HA: ensure scaling up galera does not cause promotion errors

During scale up, two galera resources are being updated in the pacemaker cluster. Force a specific ordering in puppet to make sure the galera resource agent always picks up the up-to-date config when it starts new replicas. Closes-Bug: #1892530 Change-Id: Id40ac8c10fd0348ce4fd99ce319dab933312acfa (cherry picked from commit 16a6ba465d)
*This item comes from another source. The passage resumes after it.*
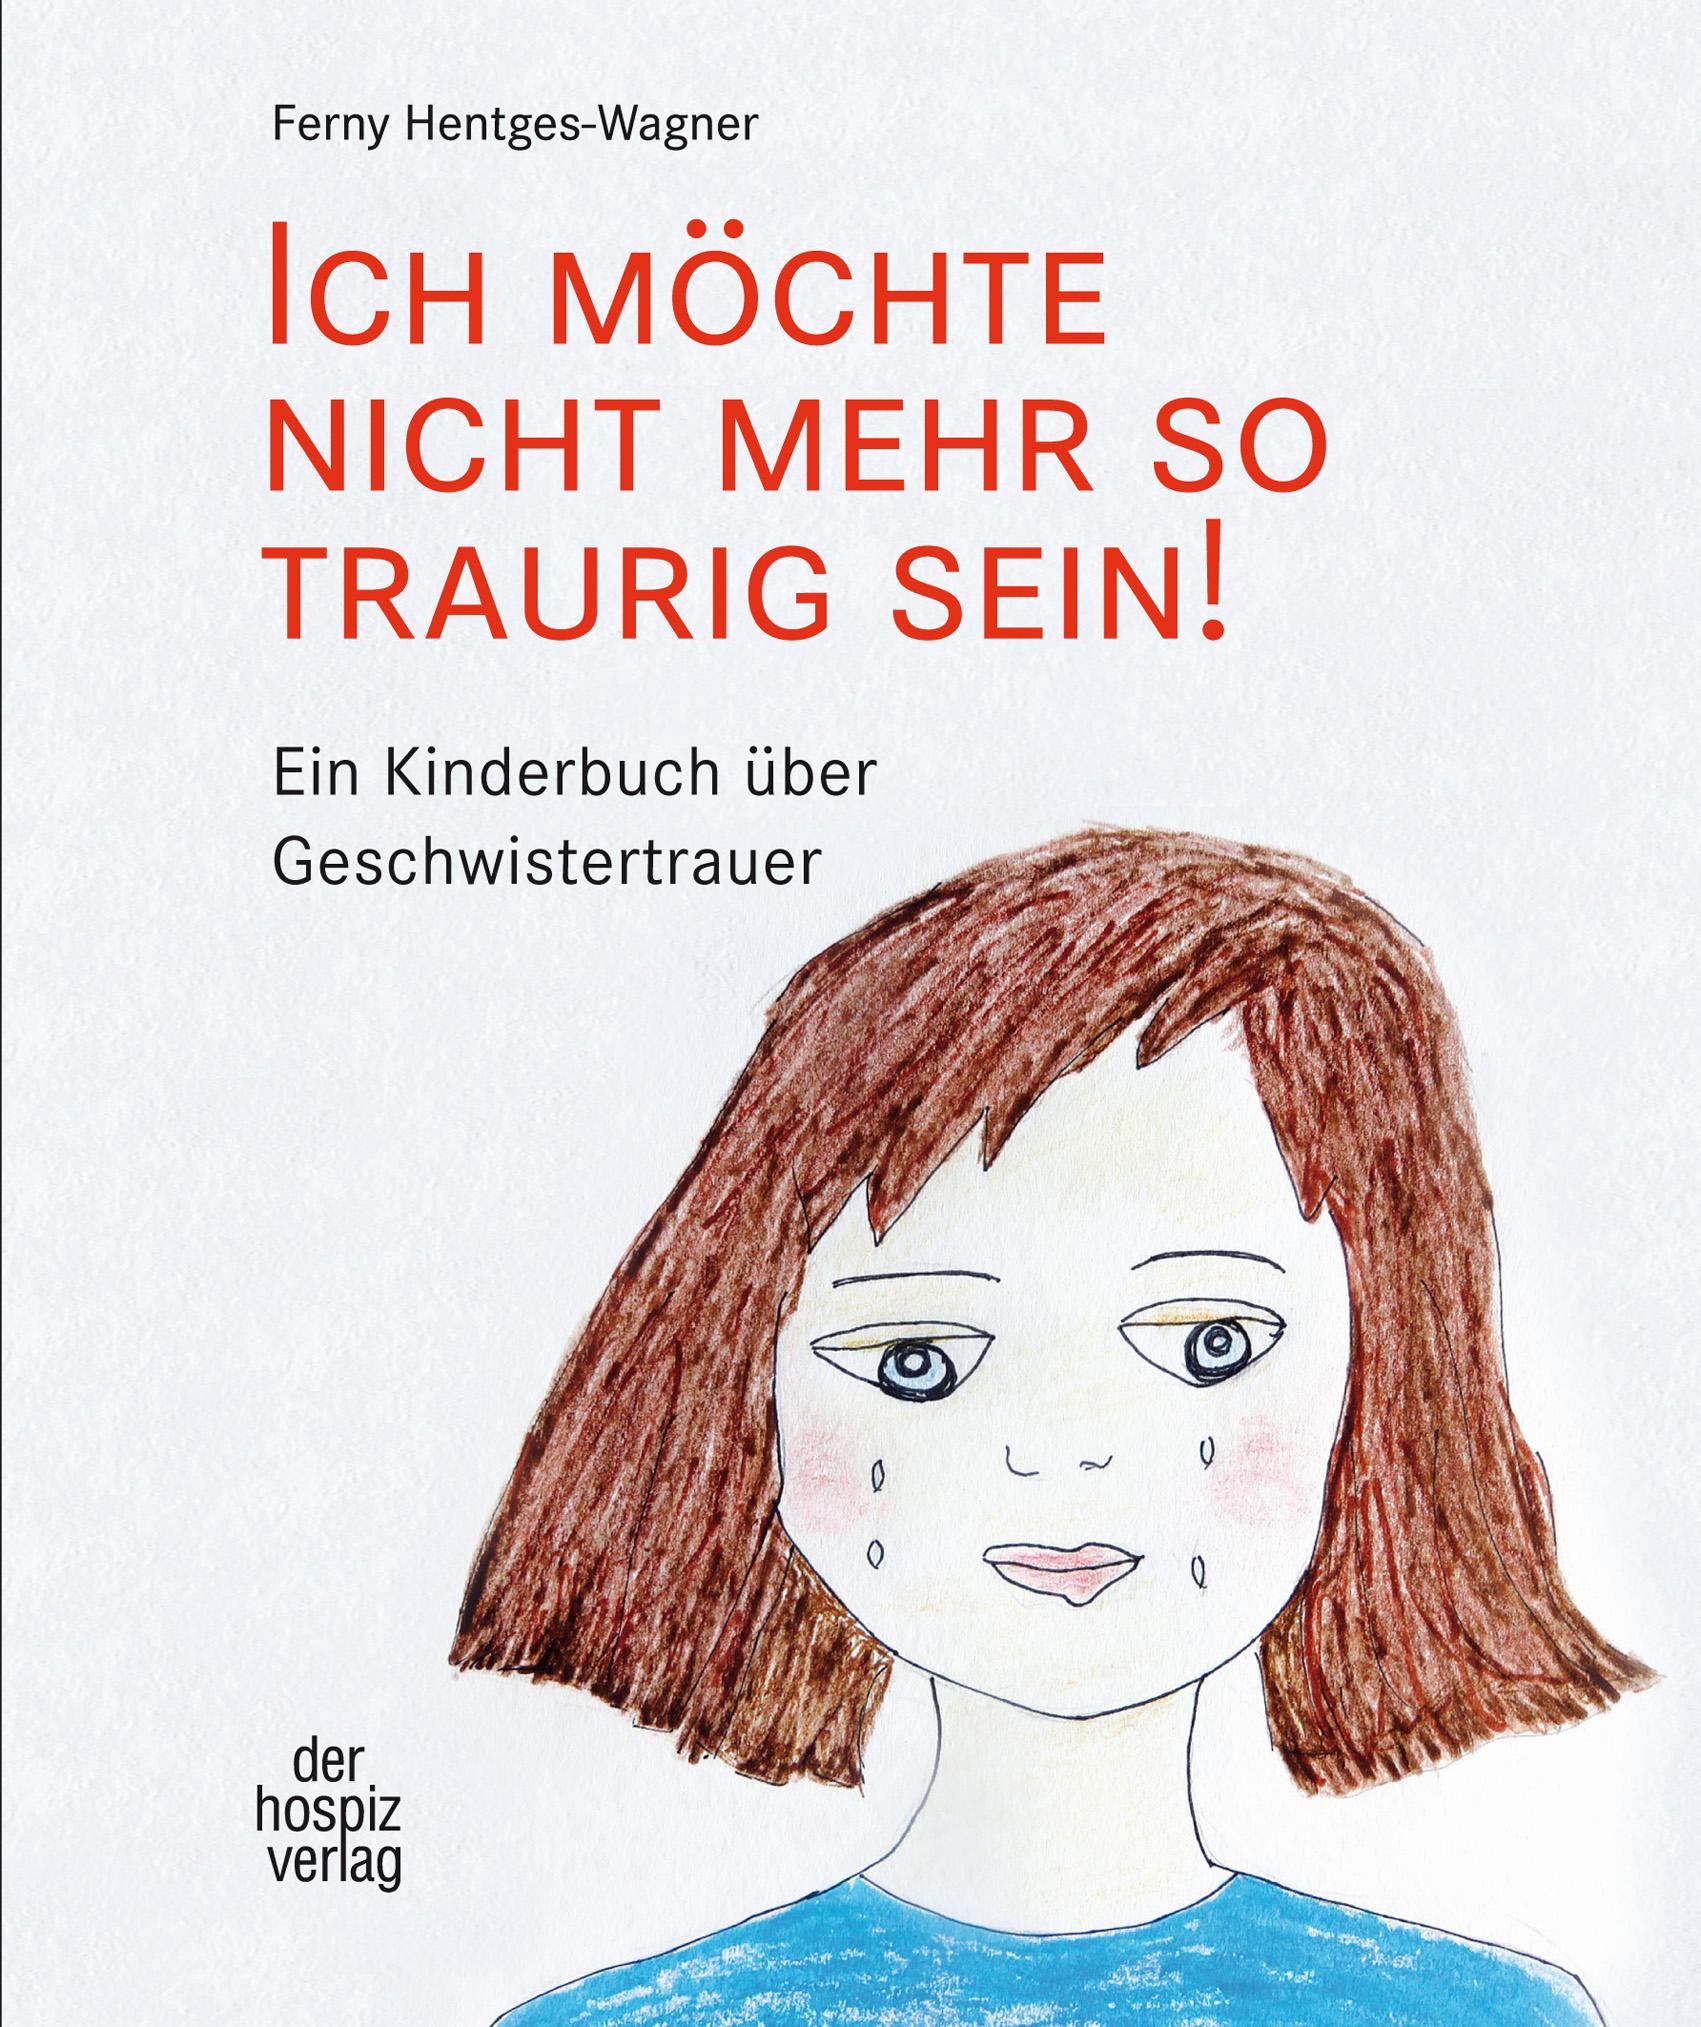 Ich möchte nicht mehr so traurig sein!, Ferny Hentges-Wagner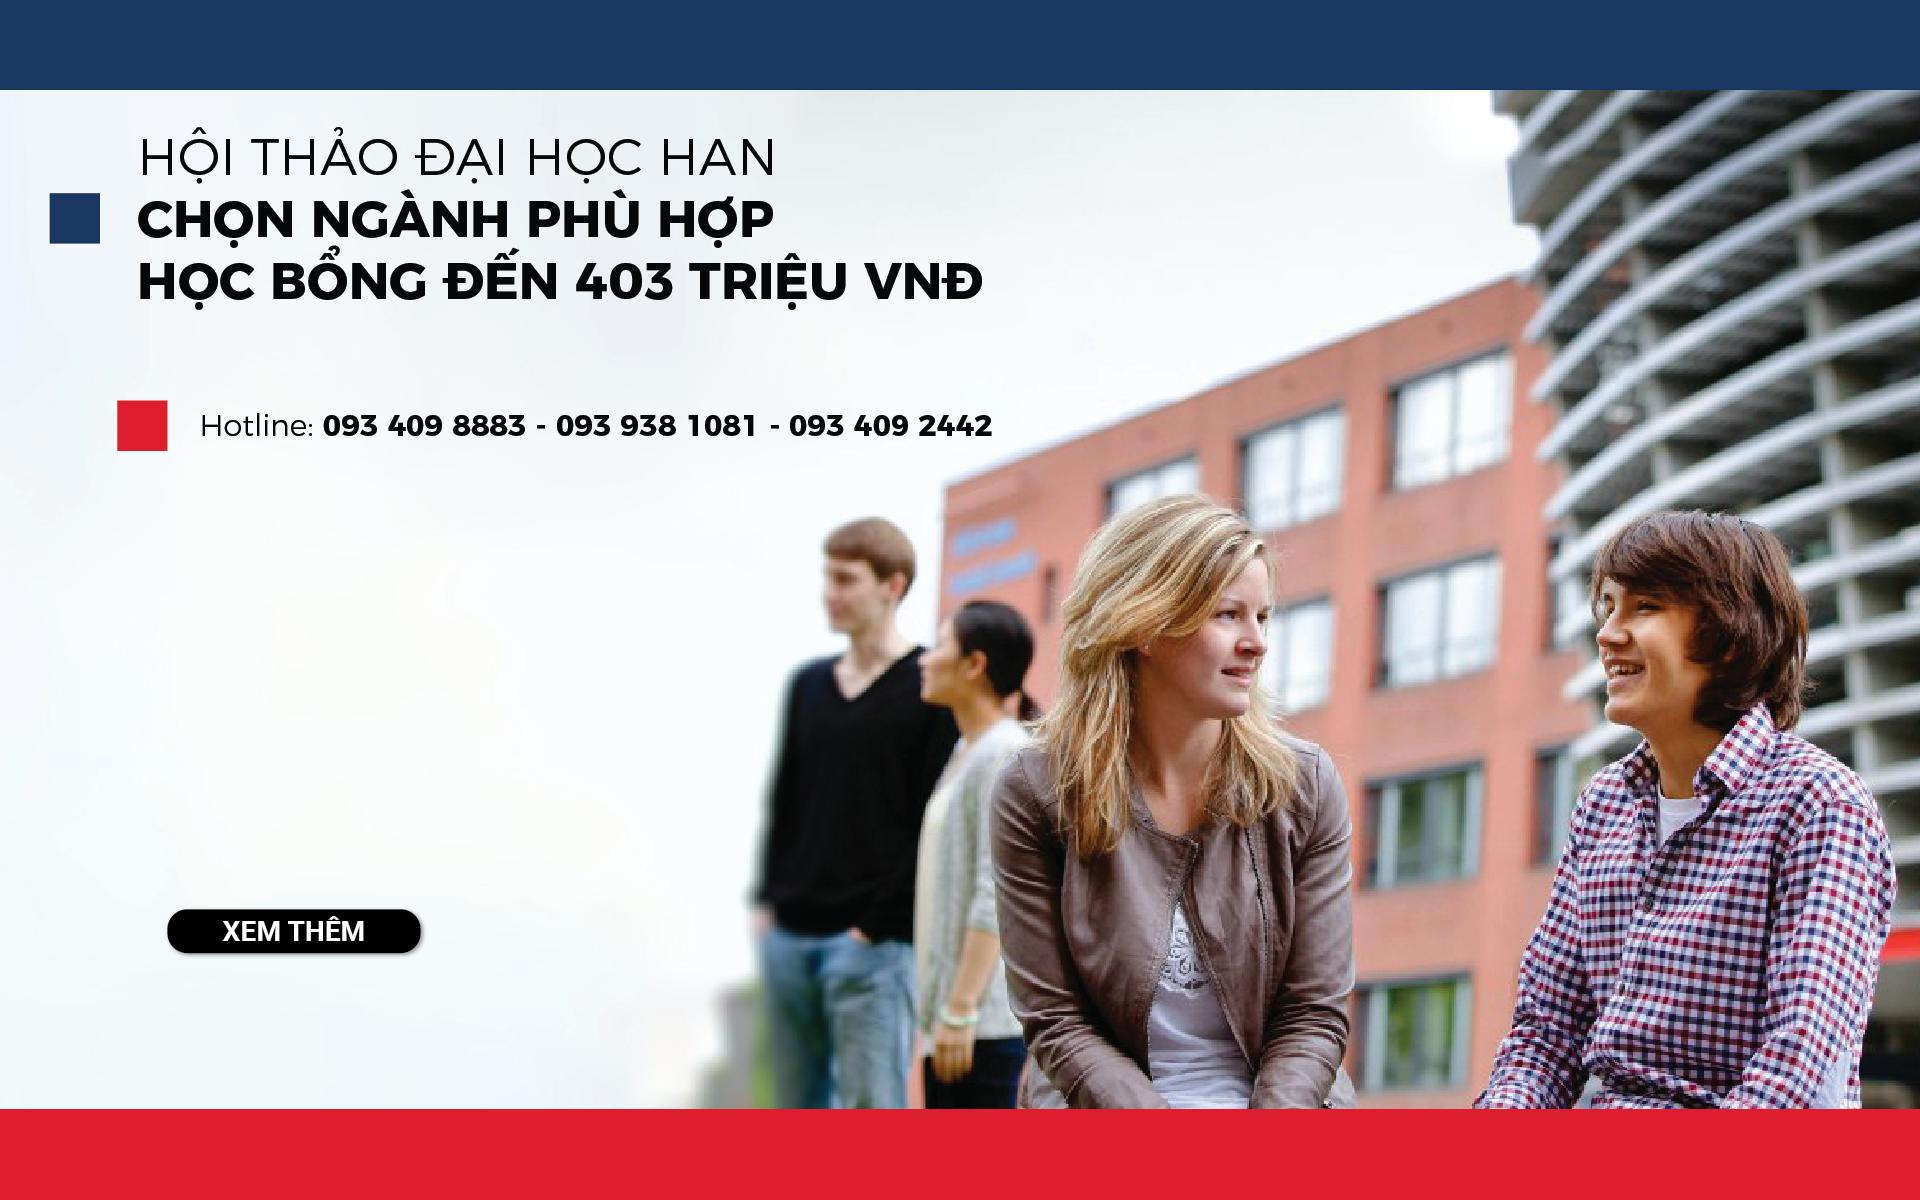 Hội thảo Đại học HAN: Định hướng tương lai – Học bổng hấp dẫn

2020-08-20 14:06:13 +02:00 · 2020-08-20 14:06:13 +02:00 · e75842e53e
commit e75842e53e
parent ffe998180d
2 changed files with 40 additions and 2 deletions
--- a/lib/puppet/functions/pacemaker_bundle_replicas.rb
+++ b/lib/puppet/functions/pacemaker_bundle_replicas.rb
@ -0,0 +1,23 @@
 # Custom function to extract the current number of replicas for a pacemaker
 # resource, as defined in the pacemaker cluster.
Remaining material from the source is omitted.